When we gossip, we hurt people. When we lie, we hurt people. When we betray our spouses and our marriages we hurt them, hurting the people we claim to love most, and who do love us the most. When we dishonor our parents, we cause them grief. They are flawed, but they have loved us since we were so small we could barely lift our own heads. Their motives have never been in doubt, but now our actions of rebellion sometimes are. We treat our God much the same, when we dishonor Him as well. There is no need for additional punishment for our crimes, our crimes are punishment enough. When we come to realize this, it is often behind the pain of knowing who we hurt, how much, and why it was so unnecessary. Our God would provide us relief from this suffering by changing us, and acting as a preventative from sin entirely.
Jesus having broken the connection in the minds of those present between poor health, and guilt over sins, has undone a central tenet of local Sanhedrin doctrine. The Rabbi’s present immediately jump to the idea of blasphemy, but they dare not utter the words, or the local crowd might stone them. Jesus is popular after all. Matthew continues in verse 3 saying … “And, behold, certain of the scribes said within themselves, This man blasphemeth. [verse 4] And Jesus knowing their thoughts said, Wherefore think ye evil in your hearts?” Only our God can read our minds and thoughts. Only our maker has this insight, is this omnipresent, and omnipotent. Satan is a created being. Satan can read our body language, and he is pretty good at guessing what we think. But he is no mind reader. Our God is. Our God reads our very motives, and knows what we are going to say even before we say it. This act of reading them should have convinced them of who He was. But it didn’t.
So Jesus addresses the concern. Matthew continues in verse 5 saying … “For whether is easier, to say, Thy sins be forgiven thee; or to say, Arise, and walk? [verse 6] But that ye may know that the Son of man hath power on earth to forgive sins, (then saith he to the sick of the palsy,) Arise, take up thy bed, and go unto thine house.” Jesus is sad, that anyone would look at the forgiveness of sins as being something evil. Forgiveness of sins, gives us a fresh start, a ground zero from which to renew a relationship with our God. And yet preachers of the organized religion, use that event as a basis to accuse of blasphemy. So Jesus, adds the miracle of healing to this man, to show all in attendance, that forgiveness is as real as healing is. From a priority perspective, the most important thing this man suffered from was the burden of guilt, and the burden of improper doctrine that exacerbated that guilt. When Jesus broke that burden, the health of this man was not even in palsy stricken man’s mind. He was free from the burden of his sins. Made free by Jesus Christ.

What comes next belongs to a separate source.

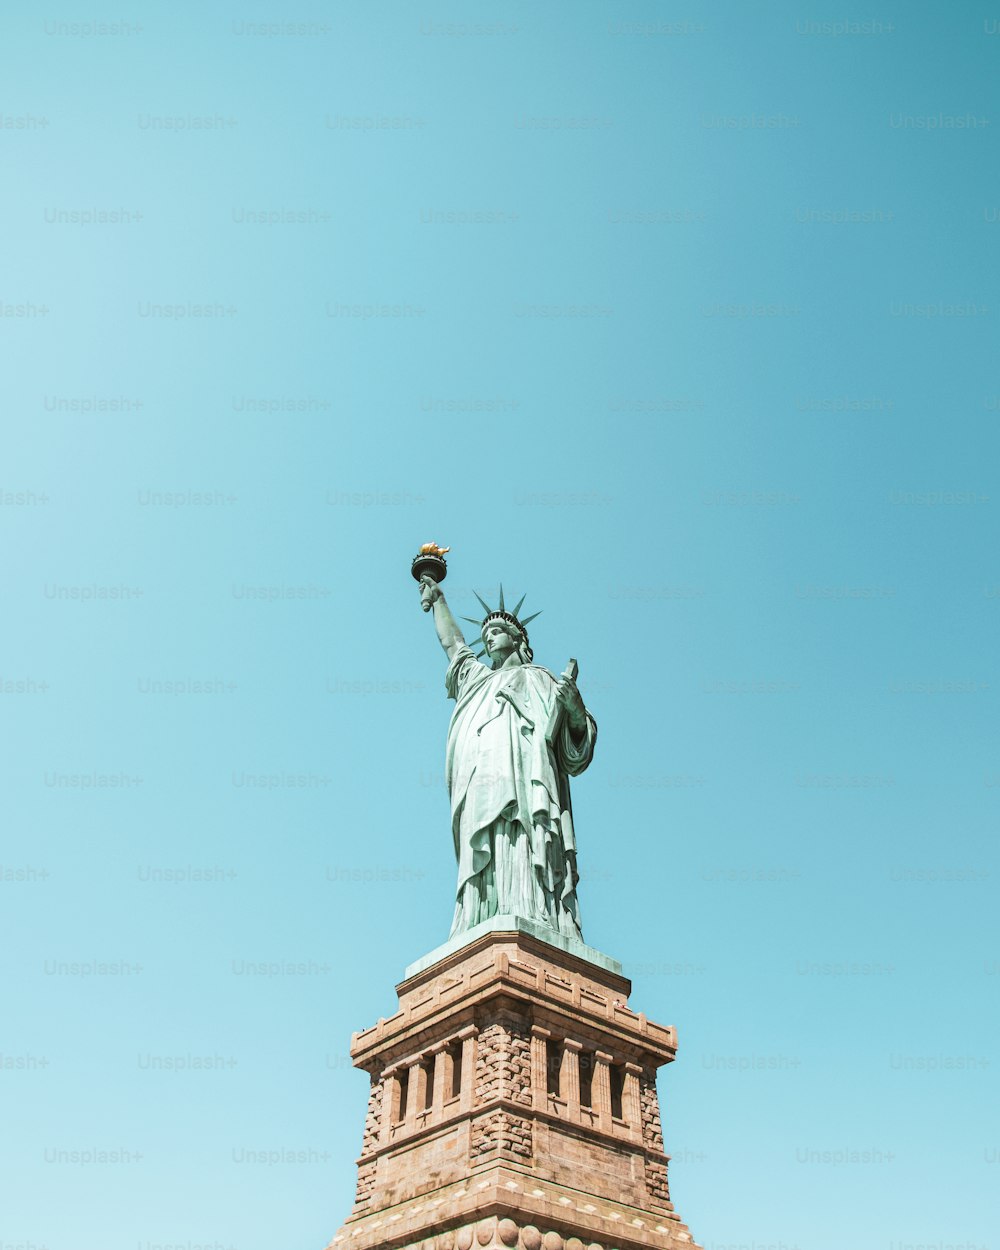 La Statua della Libertà è mostrata contro un cielo blu

His physical healing was only to be a symbol of his spiritual healing. The short term, as well as the long term, priorities. Matthew continues in verse 7 saying … “And he arose, and departed to his house. [verse 8] But when the multitudes saw it, they marveled, and glorified God, which had given such power unto men.” The witnesses to this event understood, what apparently, we have yet to grasp. They marveled. They glorified God. That is worth considering. They glorified God. For the forgiveness of sins, our hearts respond by glorifying God. For the relief that comes from being unburdened from our guilt, and reformed to be likeminded with our God, we give glory. Not just for the start of our salvation, but for the finishing of it. For the relief God brings us, not just for sins past, but for sinning no more. No more do we ever wish to do, that which brings harm to so many. That is the relief our God wishes to bring us all. He looks to punish none, but to redeem all. Everyone. From Adolph Hitler, to Saddam Hussein, to you to me; our God loves each of us, and wishes to redeem each of us.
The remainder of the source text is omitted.